QUESTION:
Given a binary tree root and an integer target, delete all the leaf nodes with value target.
Note that once you delete a leaf node with value target, if its parent node becomes a leaf node and has the value target, it should also be deleted (you need to continue doing that until you cannot).
Example 1:
Input: root = [1,2,3,2,null,2,4], target = 2
Output: [1,null,3,null,4]
Explanation: Leaf nodes in green with value (target = 2) are removed (Picture in left).
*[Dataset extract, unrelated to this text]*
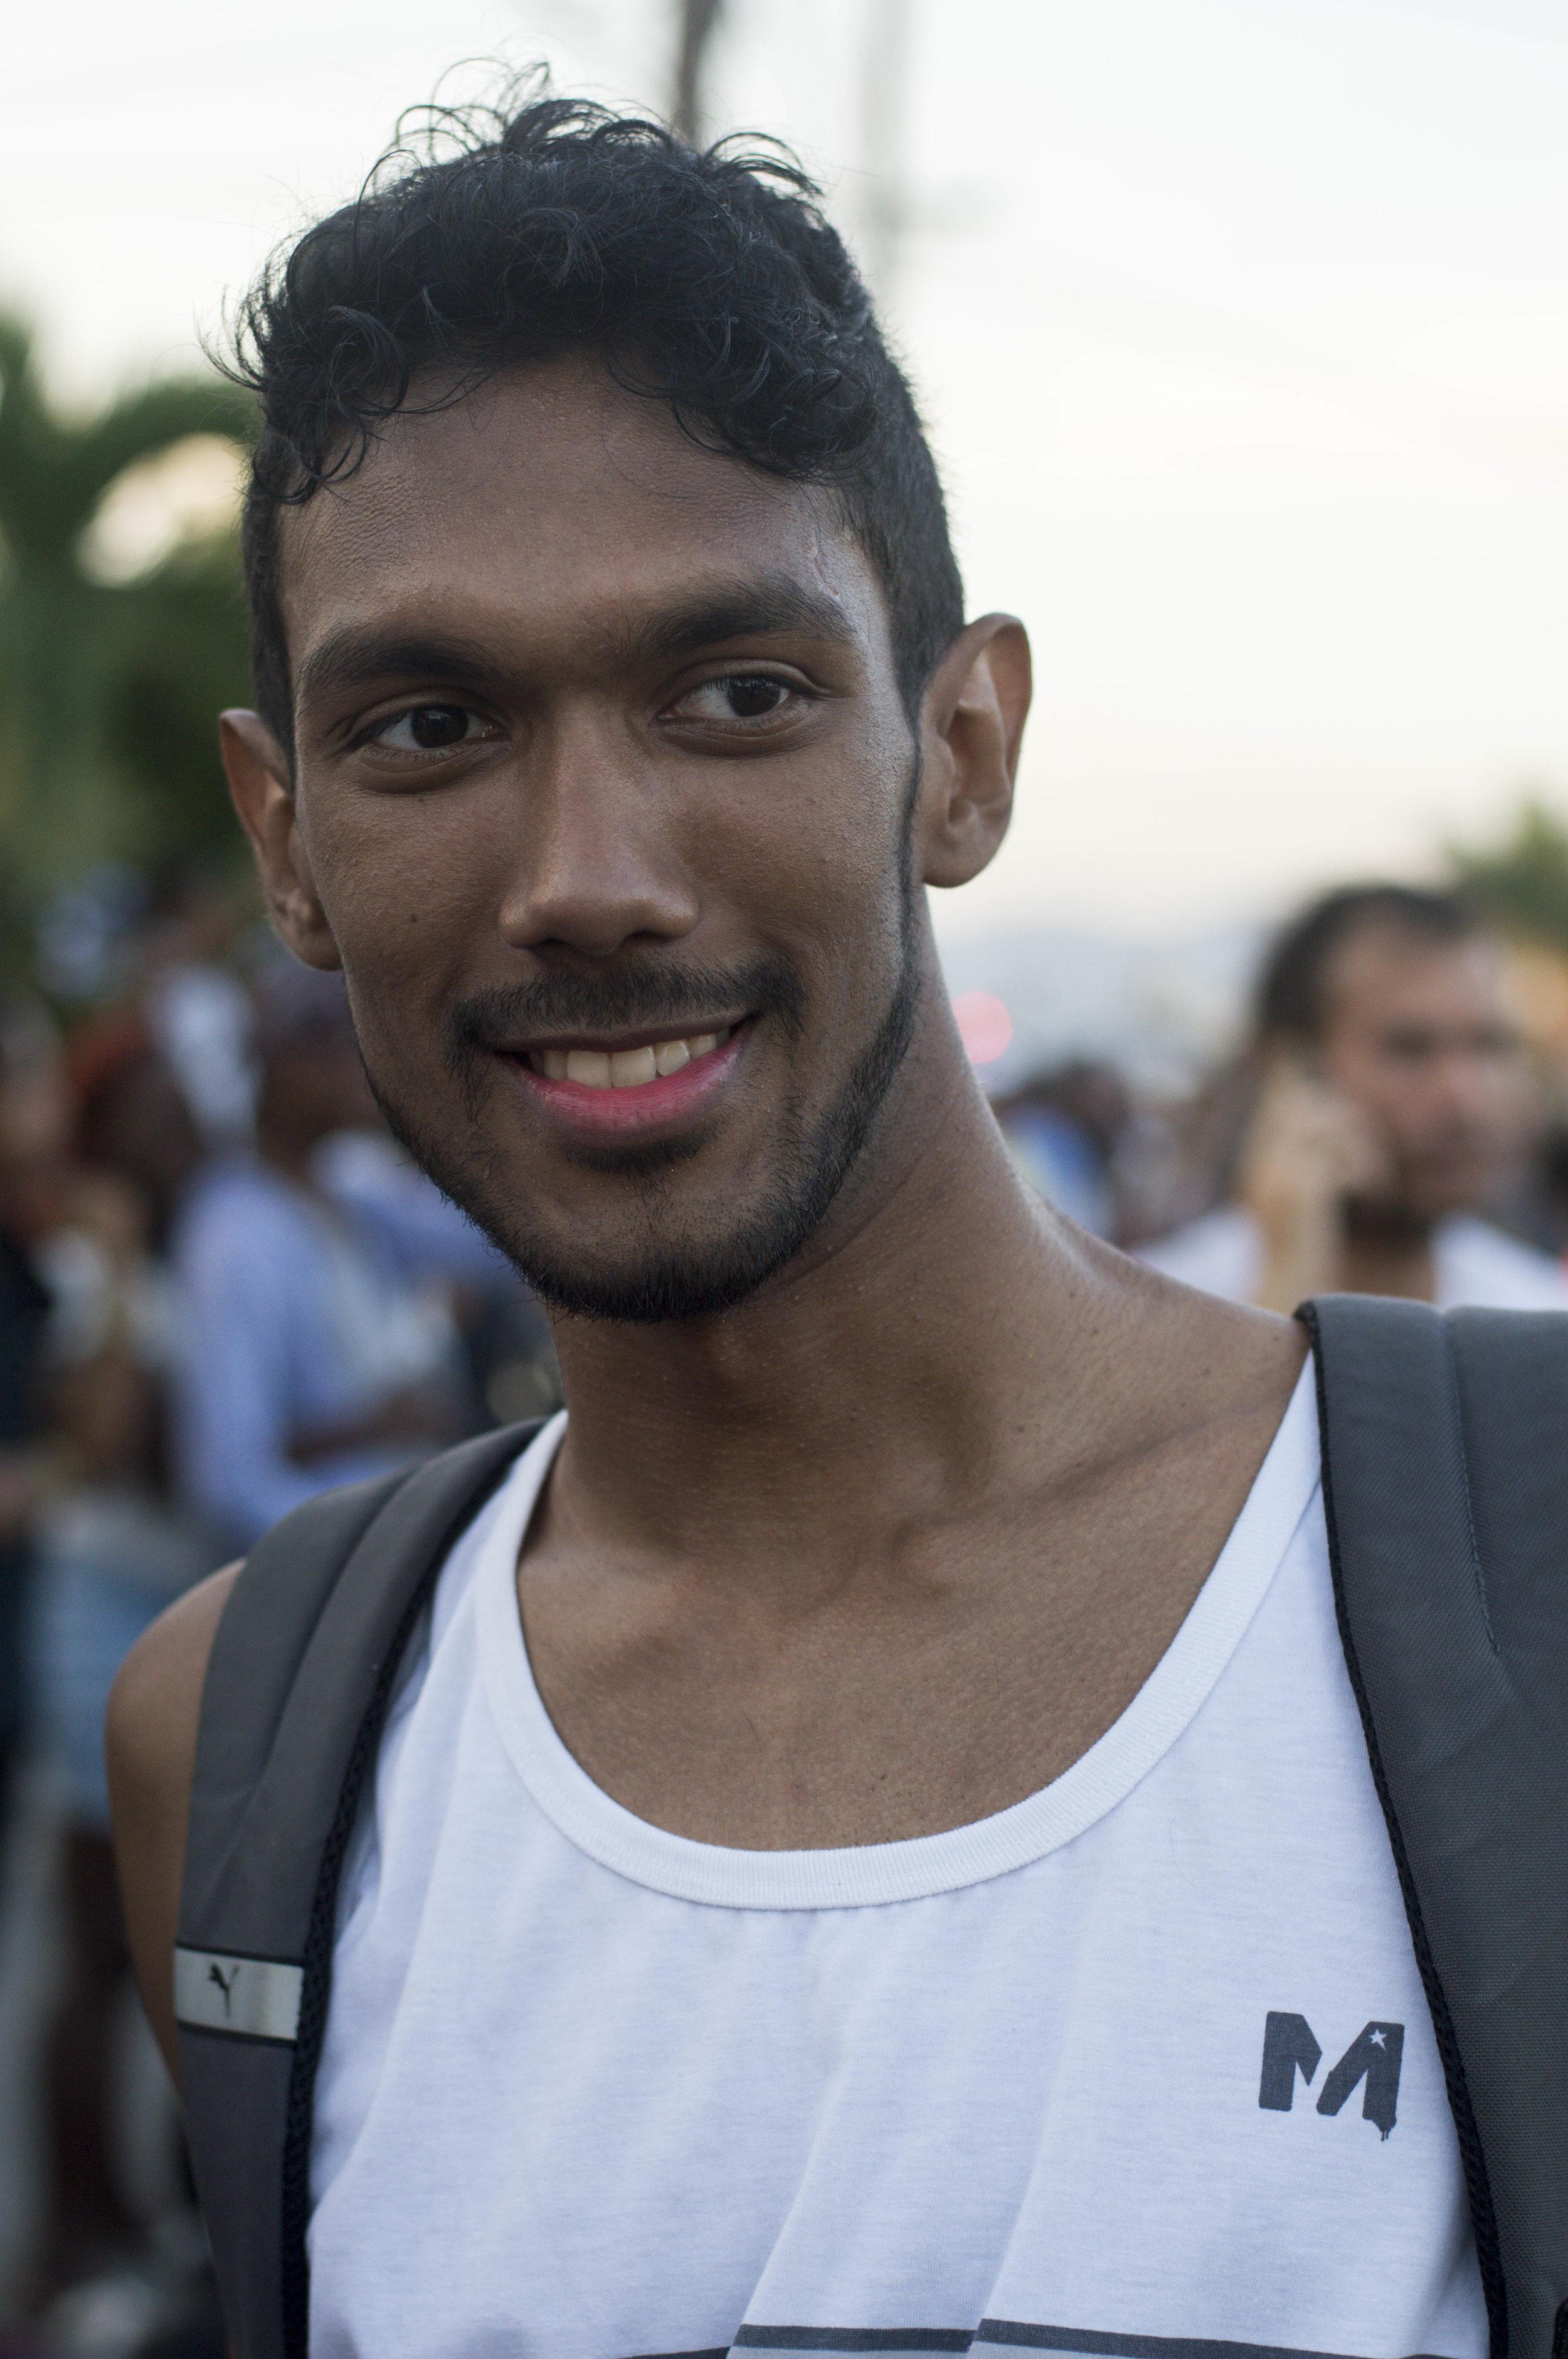 carnival2019_jeanalindo-65.jpg

After removing, new nodes become leaf nodes with value (target = 2) (Picture in center).
Example 2:
Input: root = [1,3,3,3,2], target = 3
Output: [1,3,null,null,2]
Example 3:
Input: root = [1,2,null,2,null,2], target = 2
Output: [1]
Explanation: Leaf nodes in green with value (target = 2) are removed at each step.
Constraints:
The number of nodes in the tree is in the range [1, 3000].
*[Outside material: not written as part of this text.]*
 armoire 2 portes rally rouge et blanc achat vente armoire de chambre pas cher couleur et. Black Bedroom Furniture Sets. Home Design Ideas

1 <= Node.val, target <= 1000
EXPLANATION:
首先看到题目的第一个思路就是一个后序遍历, 同时也需要知道, 需要在上一个节点进行删除操作, 所以就需要把结果返回给上一层. 所以就得到了helper的思路: 返回当前节点是否要删除.
SOLUTION:
class Solution {
func removeLeafNodes(_ root: TreeNode?, _ target: Int) -> TreeNode? {
var result:Bool = removeLeafNodesHelper(root, target)
return result ? nil : root
}
func removeLeafNodesHelper(_ root: TreeNode?, _ target: Int) -> Bool {
if root == nil {
return false
}
var left:Bool = removeLeafNodesHelper(root?.left, target)
var right:Bool = removeLeafNodesHelper(root?.right, target)
if left {
root?.left = nil
}
if right {
root?.right = nil
}
if root?.val == target && root?.left == nil && root?.right == nil {
return true
} else {
return false
}
}
}